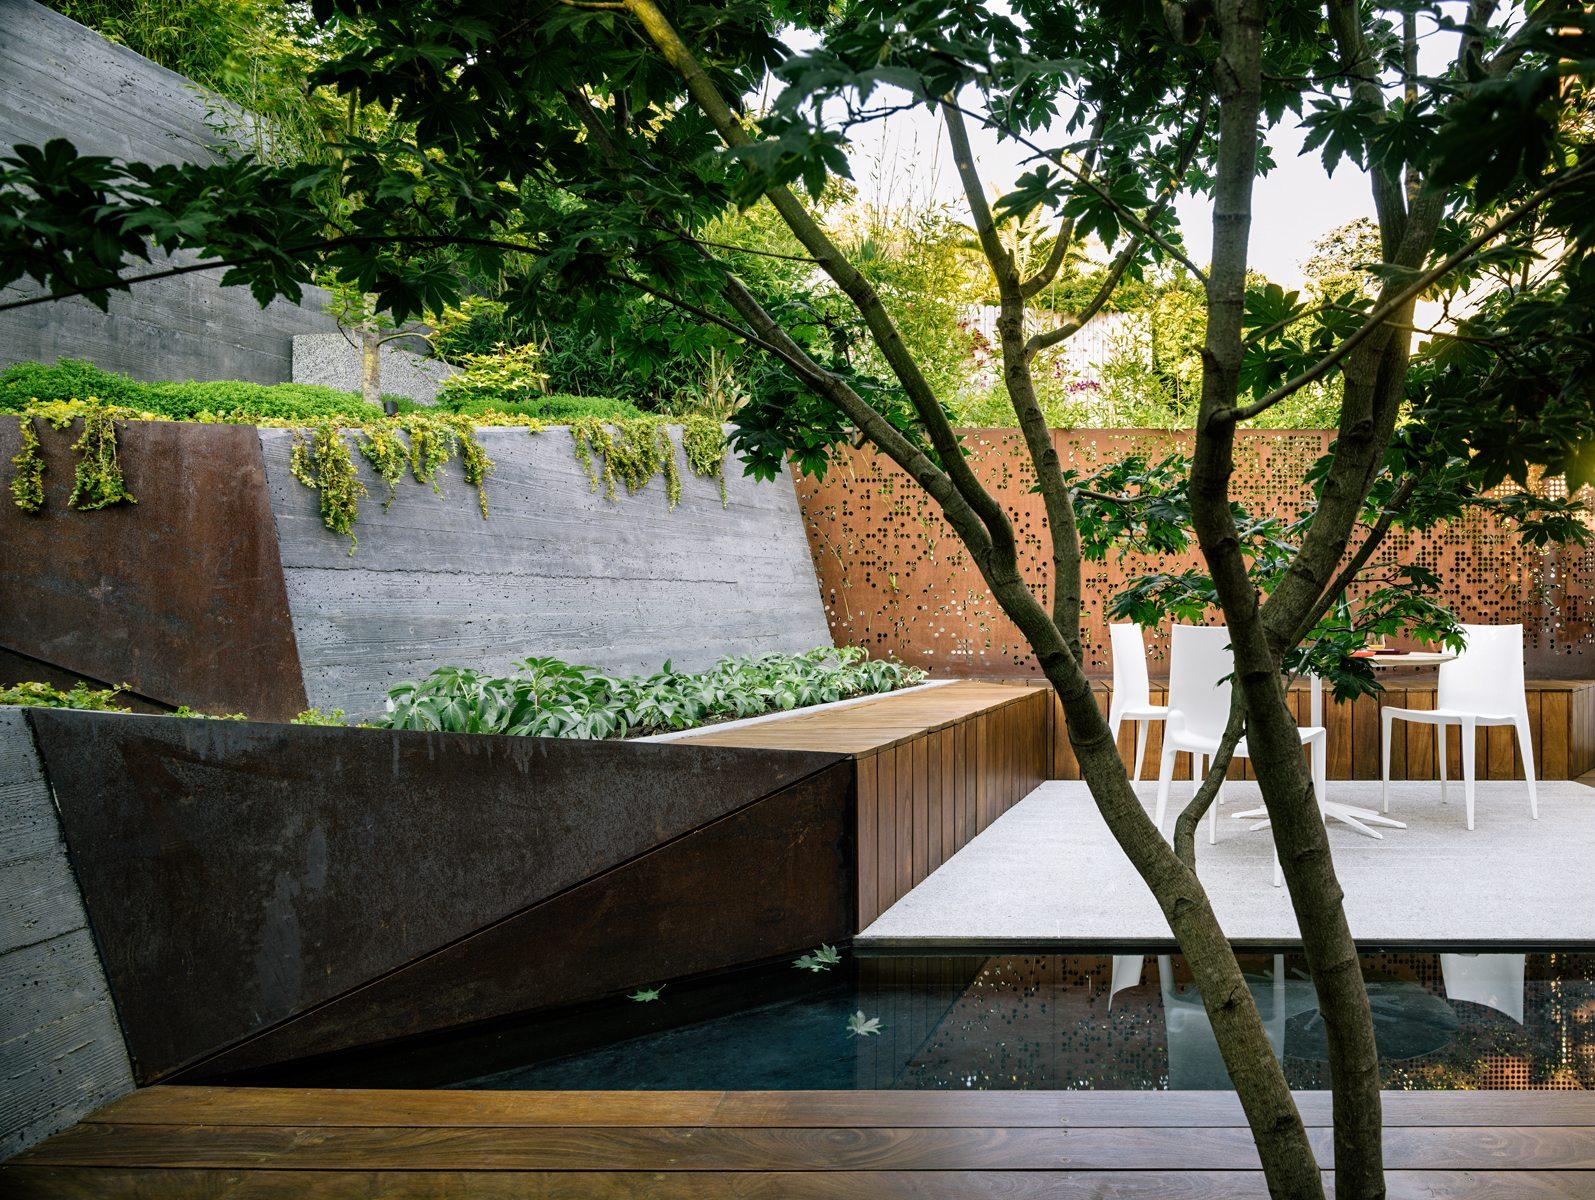 Casa de ensueño: con este jardín… a quién le importa cómo sea la casa
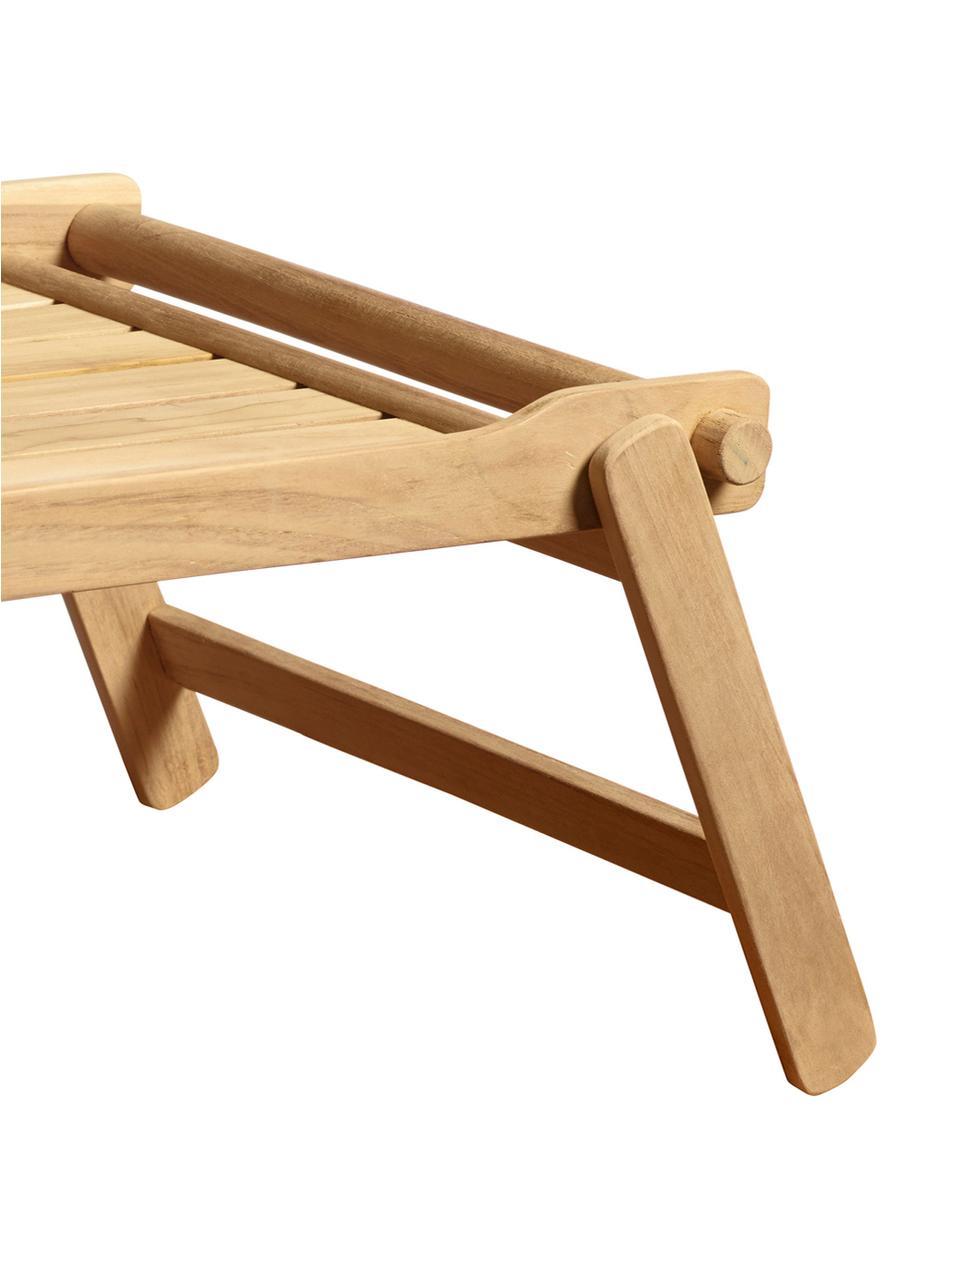 Plateau pliable sur pieds en bois Bed, larg. 36 x long. 58cm, Teck
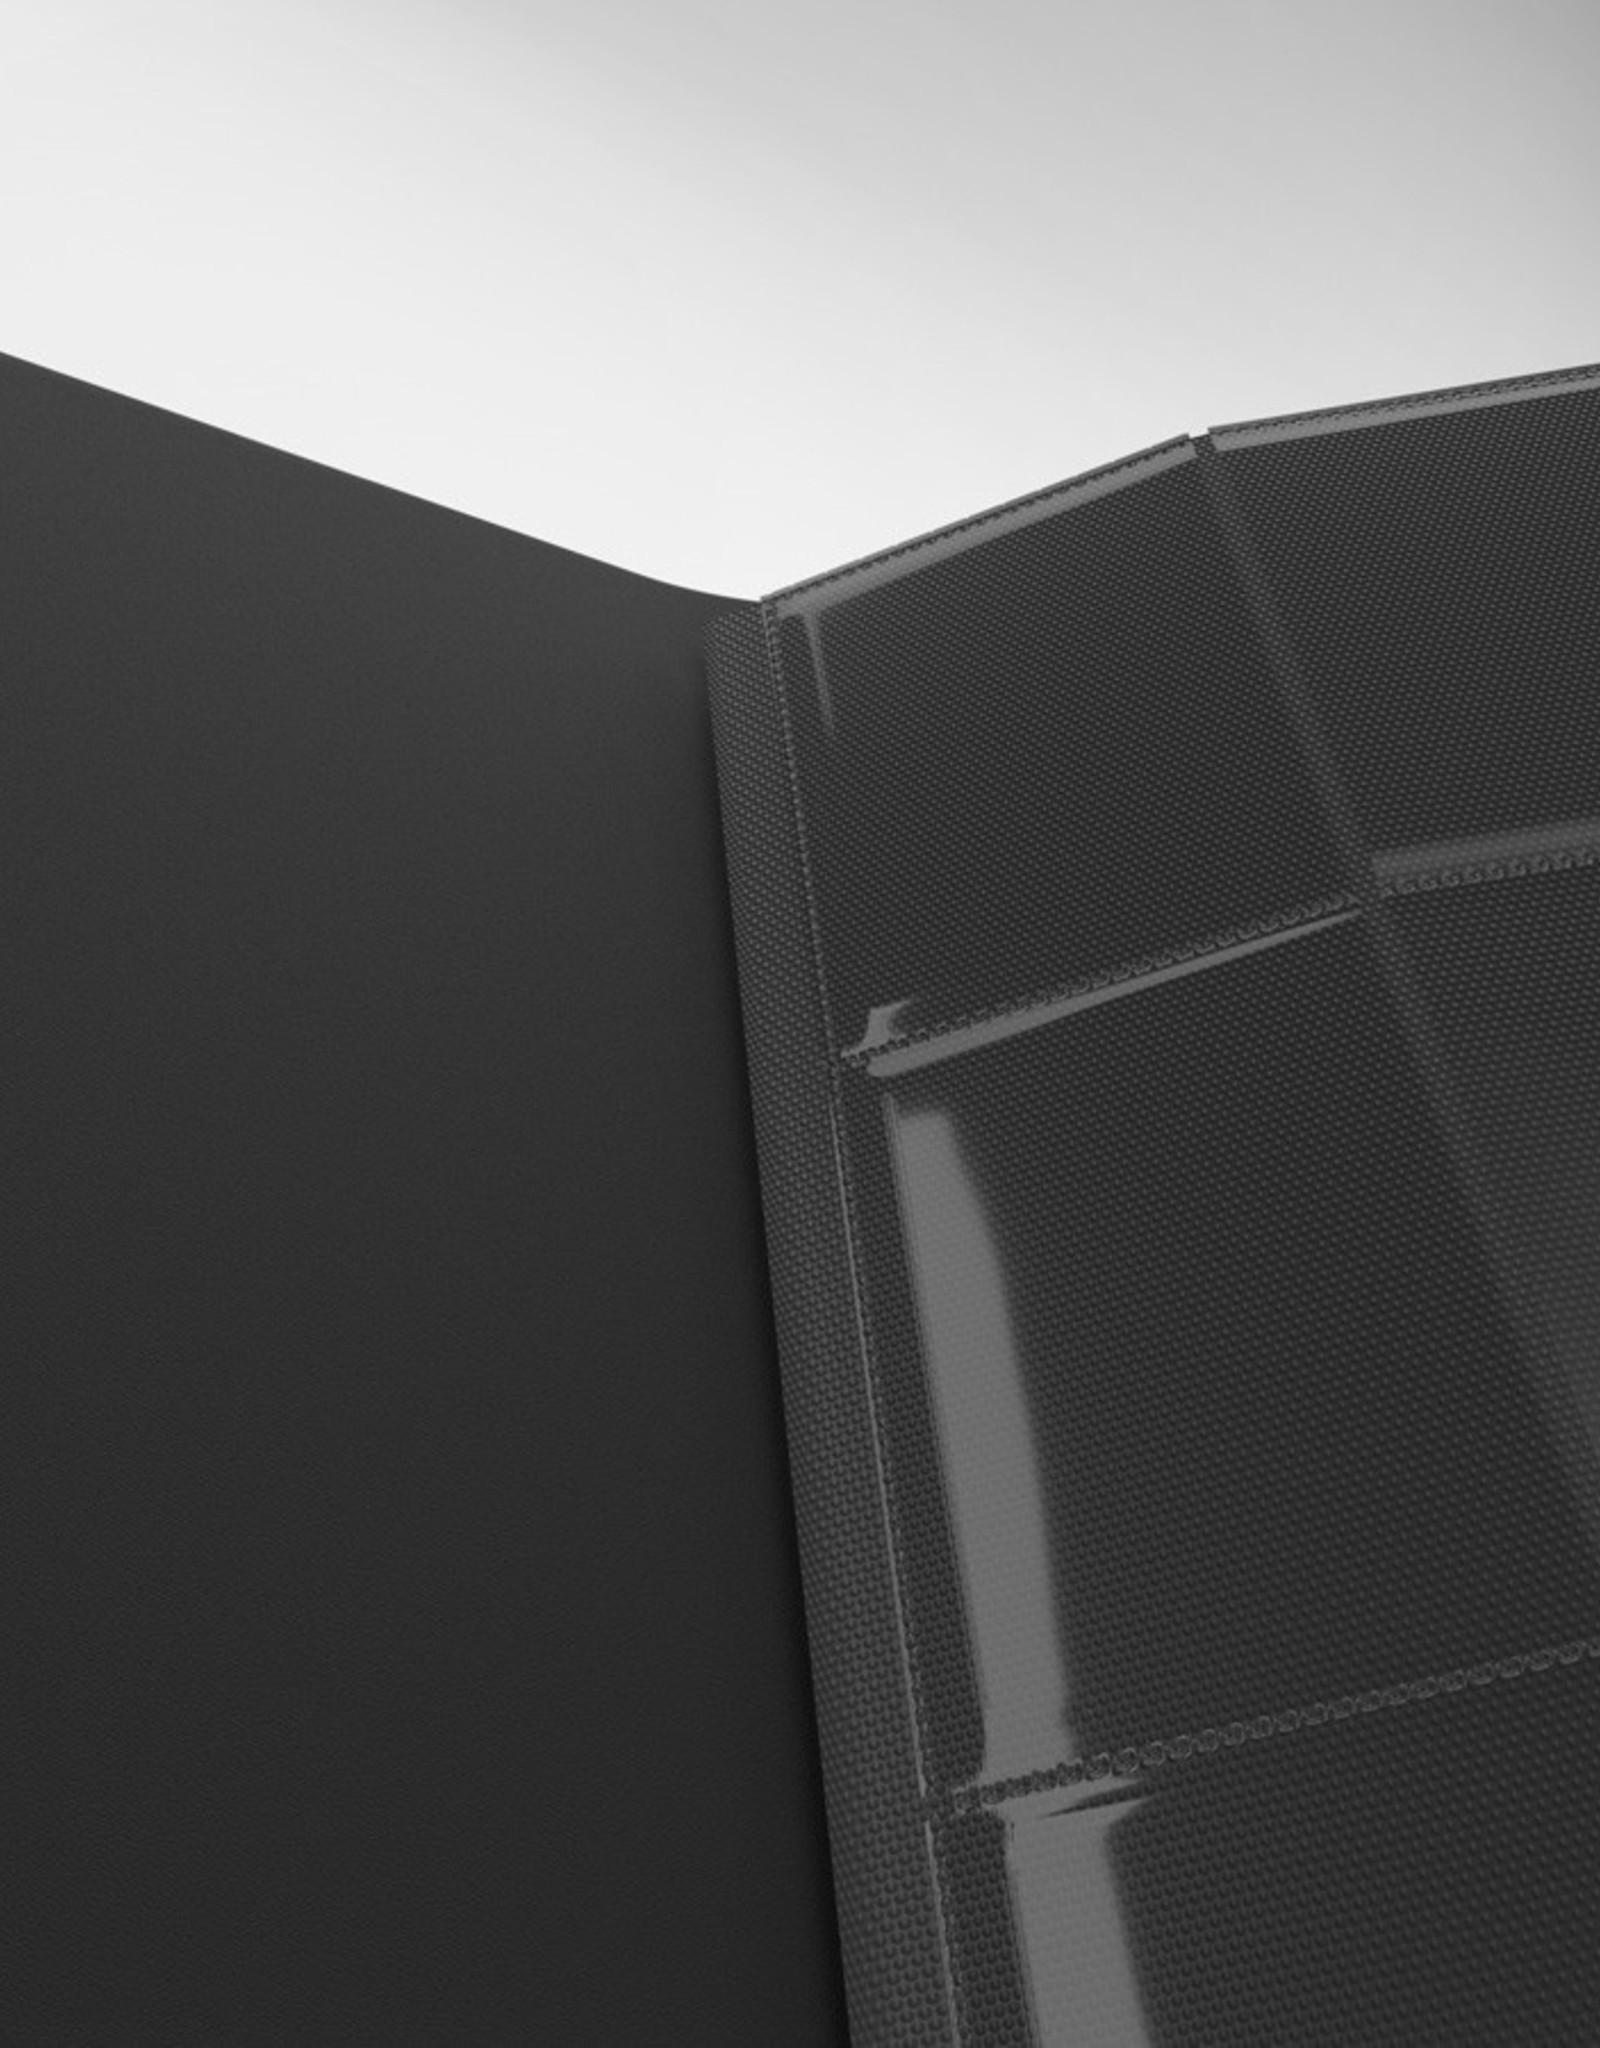 Casual Album: 18-Pocket Side-Loading Black
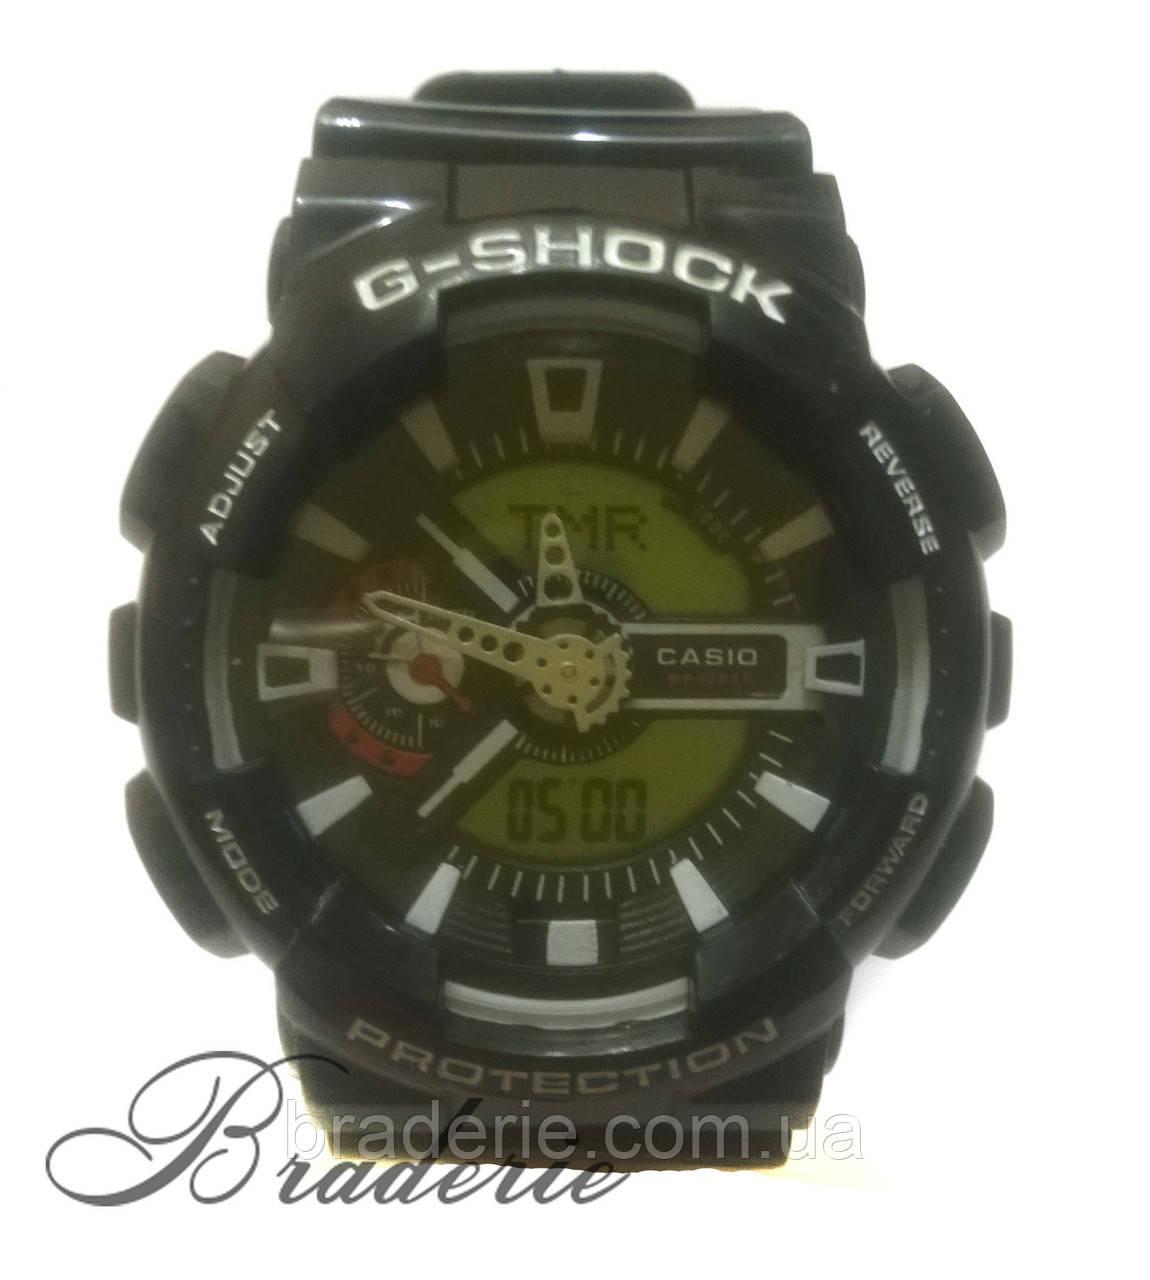 Наручные часы Casio G-Shock 1209
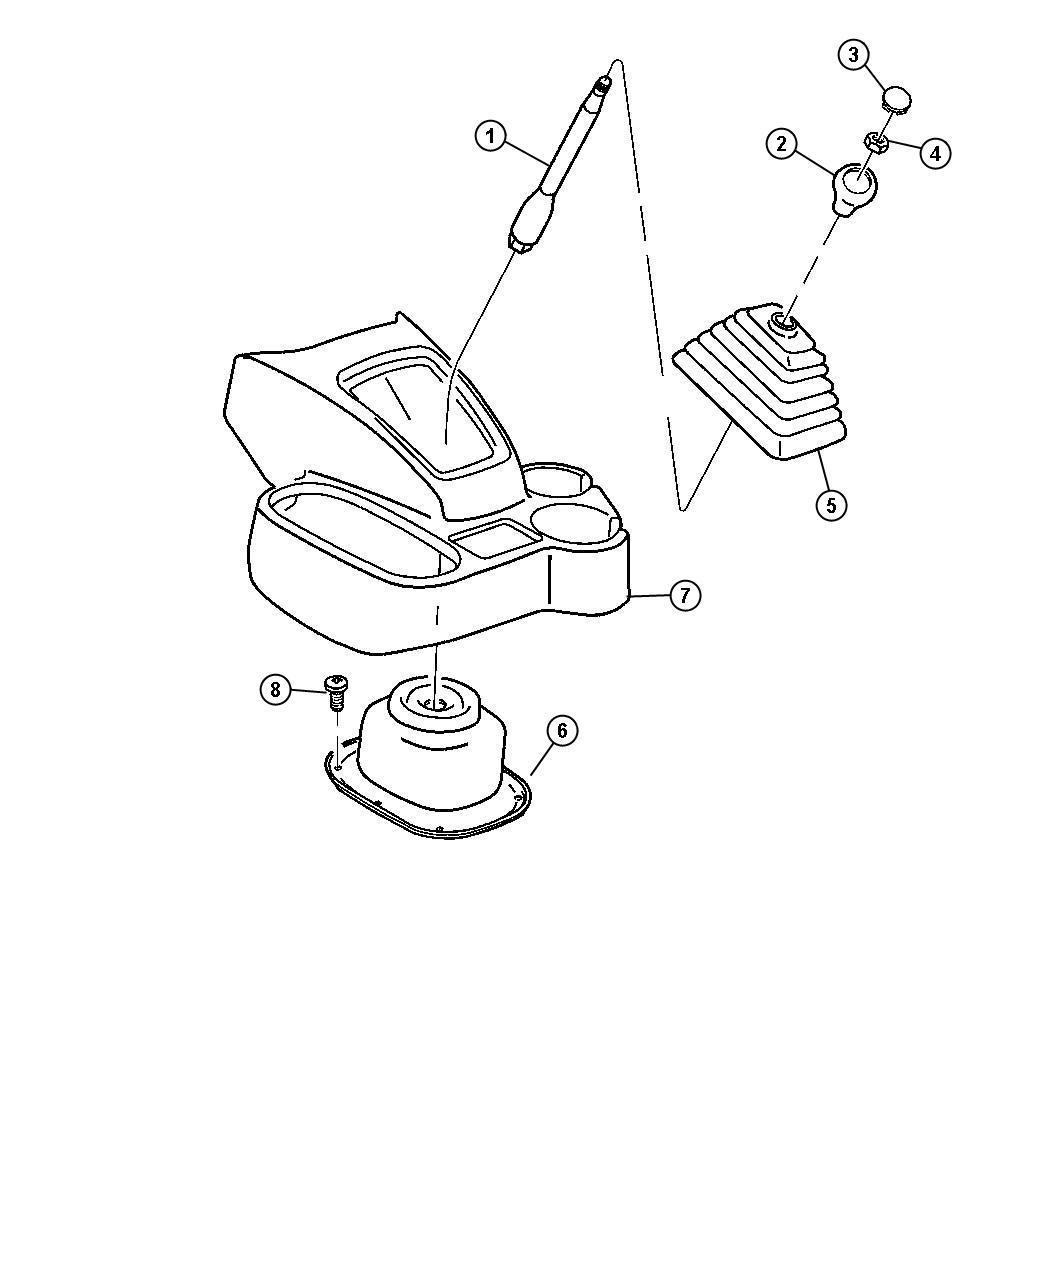 2012 Dodge Ram 5500 Boot. Gear shift lever. Upper. [6

*****

» Activity:
Please restate word for word each line from the one containing "Casual Album: 18-Pocket Side-Loading Black" to the end of the data above, without the pictures.

» The completed task:
 Casual Album: 18-Pocket Side-Loading Black
 Наручные часы Casio G-Shock 1209
 2012 Dodge Ram 5500 Boot. Gear shift lever. Upper. [6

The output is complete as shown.